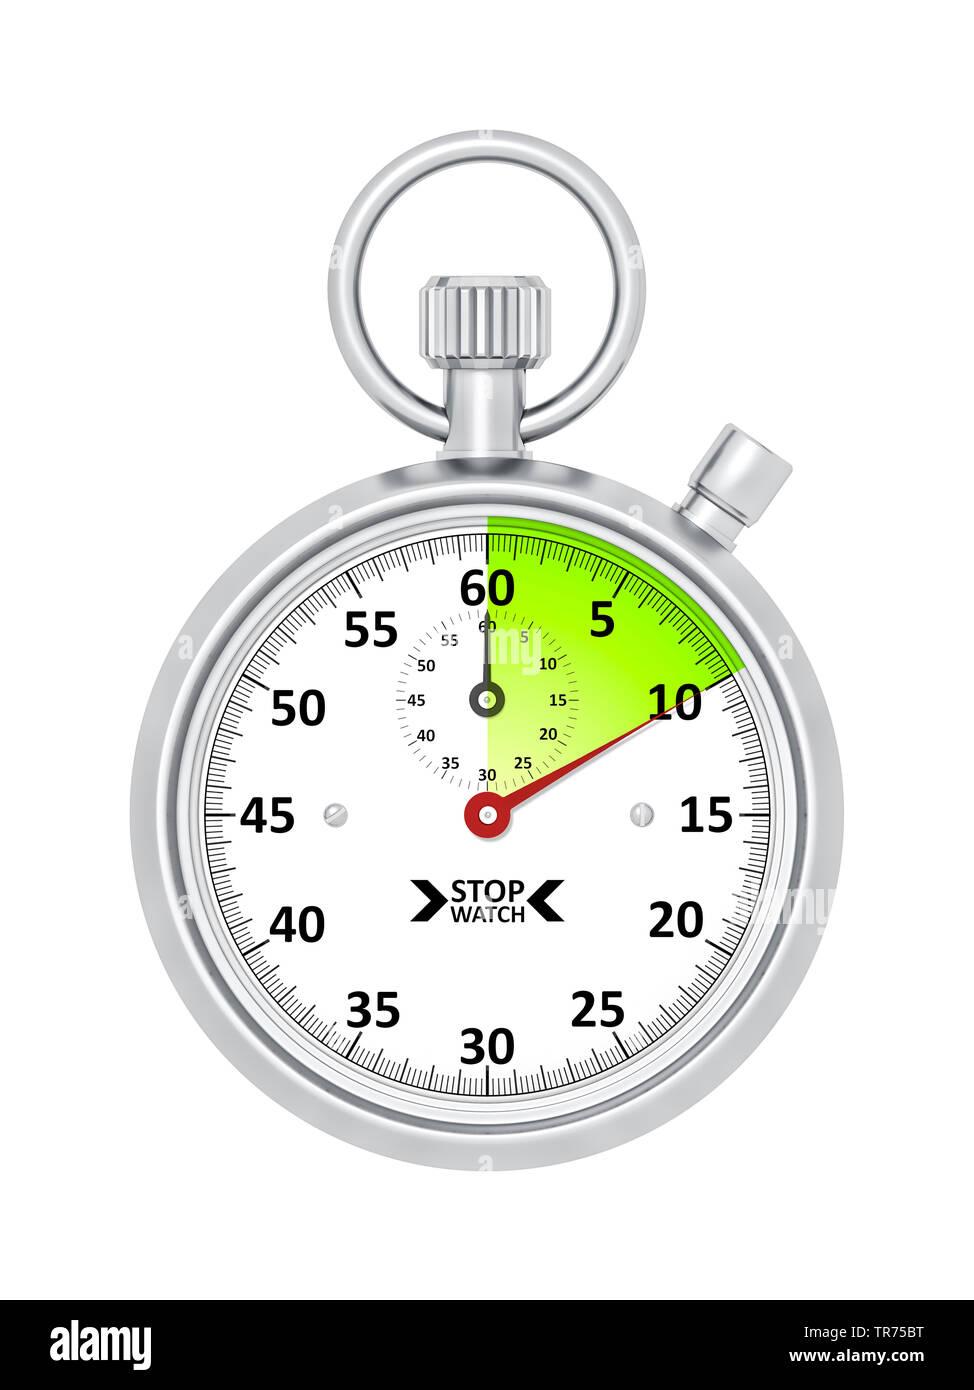 silberne Stoppuhr vor weissem Hintergrund, die etwa 10 Sekunden anzeigt | silver stopclock, cutout, 10 seconds  | BLWS498278.jpg [ (c) blickwinkel/McP - Stock Image
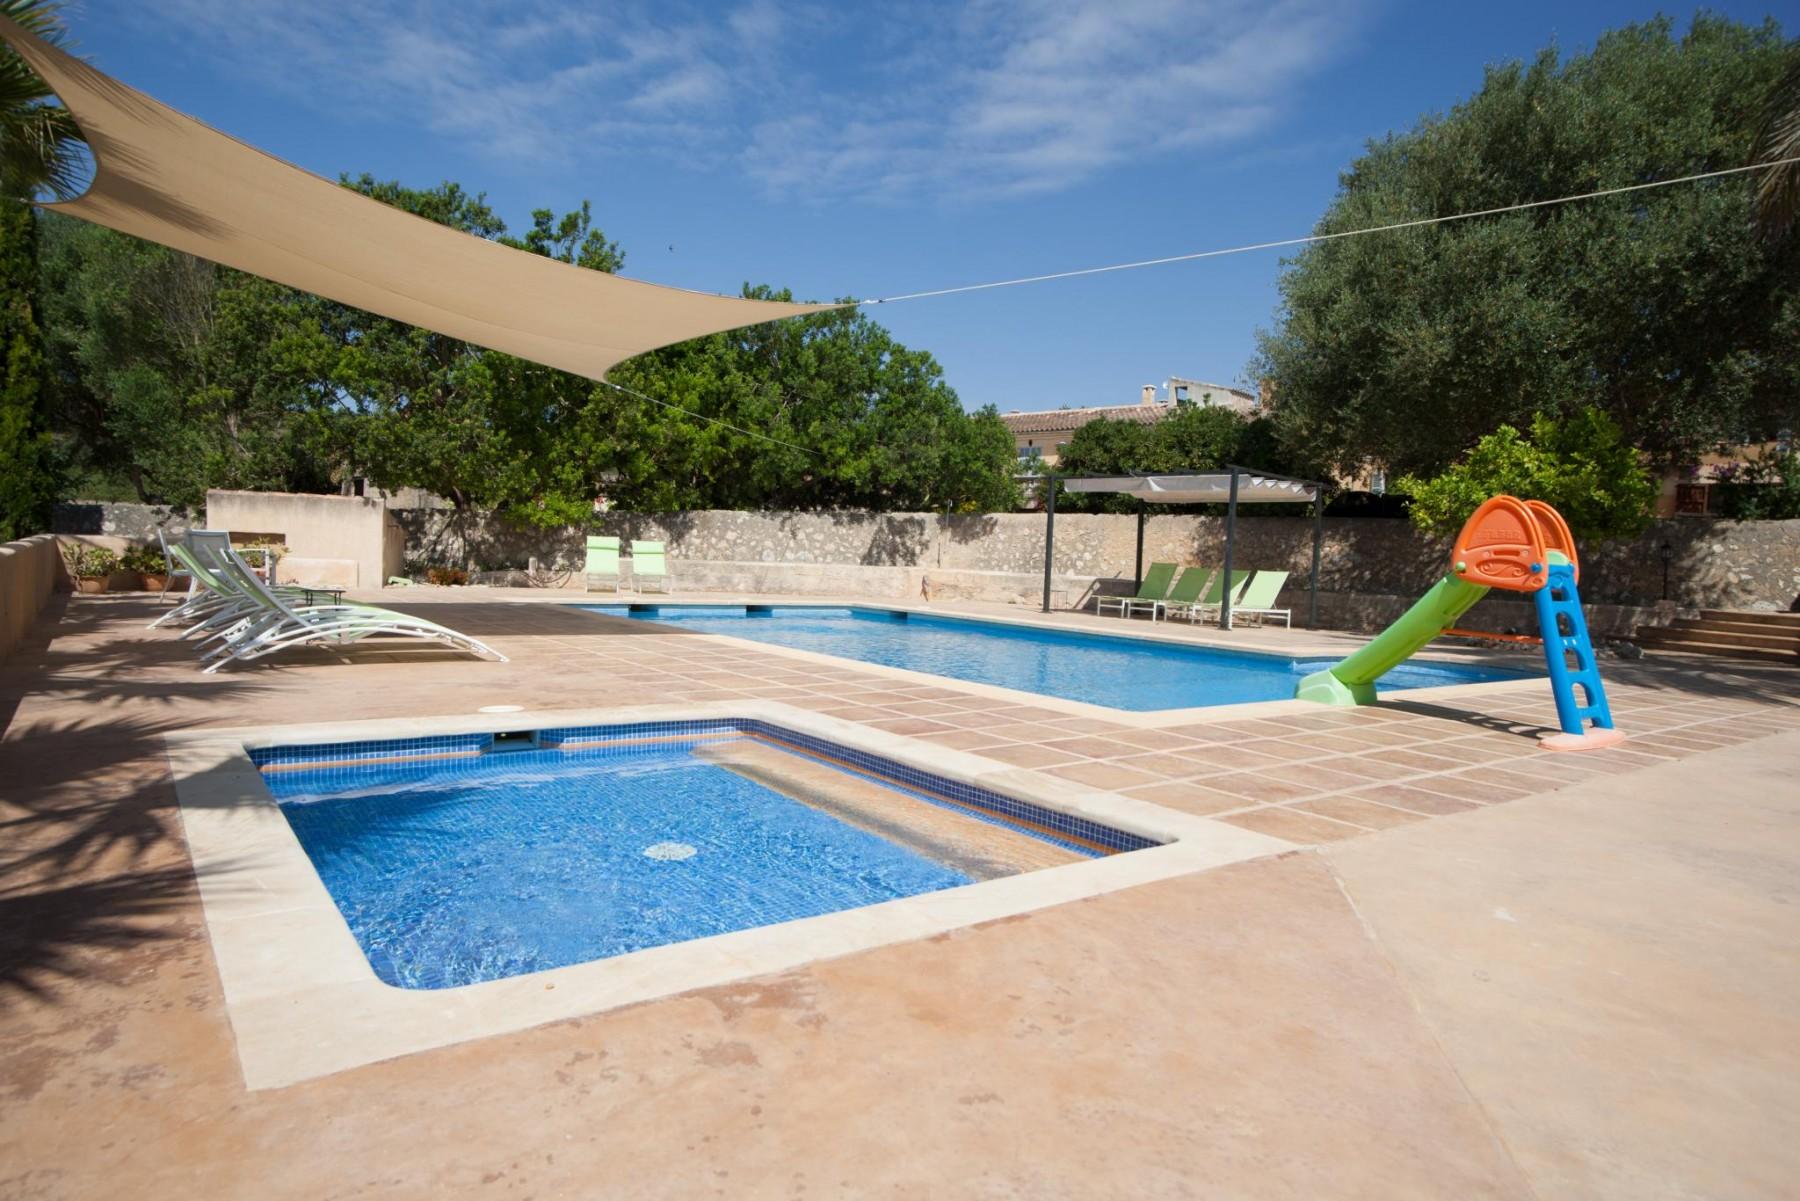 SA POSADA GRAN for 6 guests in Manacor, Spain
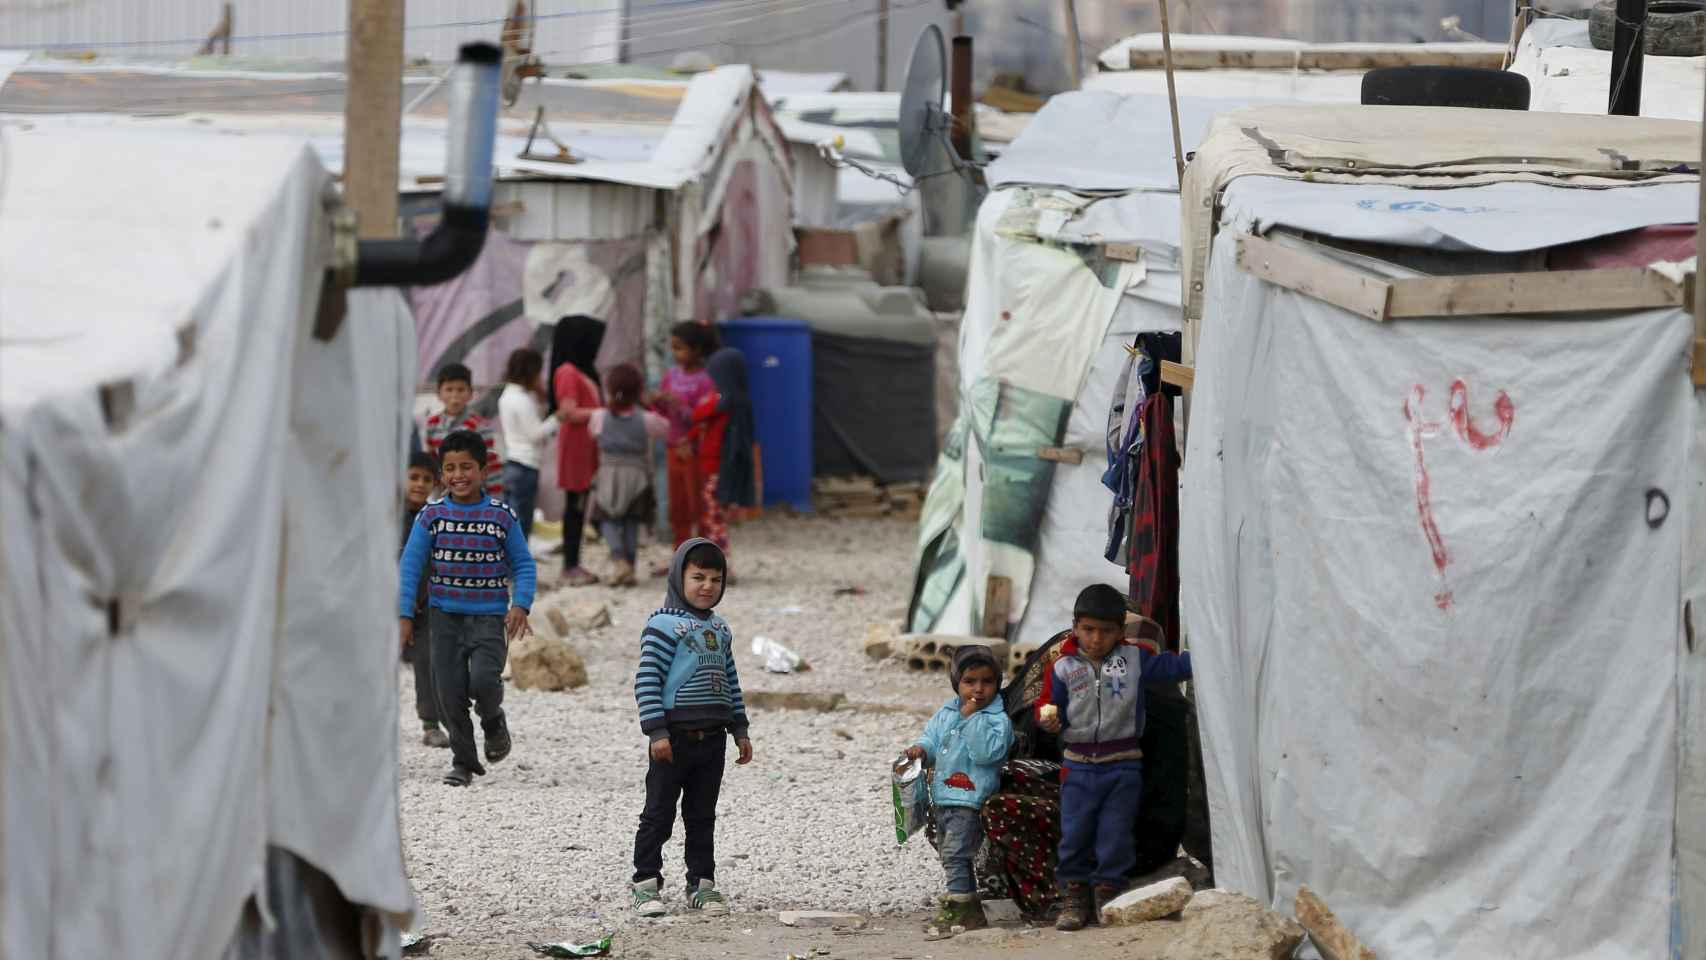 Un campamento de refugiados improvisado en Líbano.
■ ■ ■
▶ _Work item_
The material is to be written out word for word, and the pictures are to be left out.

▶ _Answer for the task_
 silberne Stoppuhr vor weissem Hintergrund, die etwa 10 Sekunden anzeigt | silver stopclock, cutout, 10 seconds  | BLWS498278.jpg [ (c) blickwinkel/McP - Stock Image
 SA POSADA GRAN for 6 guests in Manacor, Spain
 Un campamento de refugiados improvisado en Líbano.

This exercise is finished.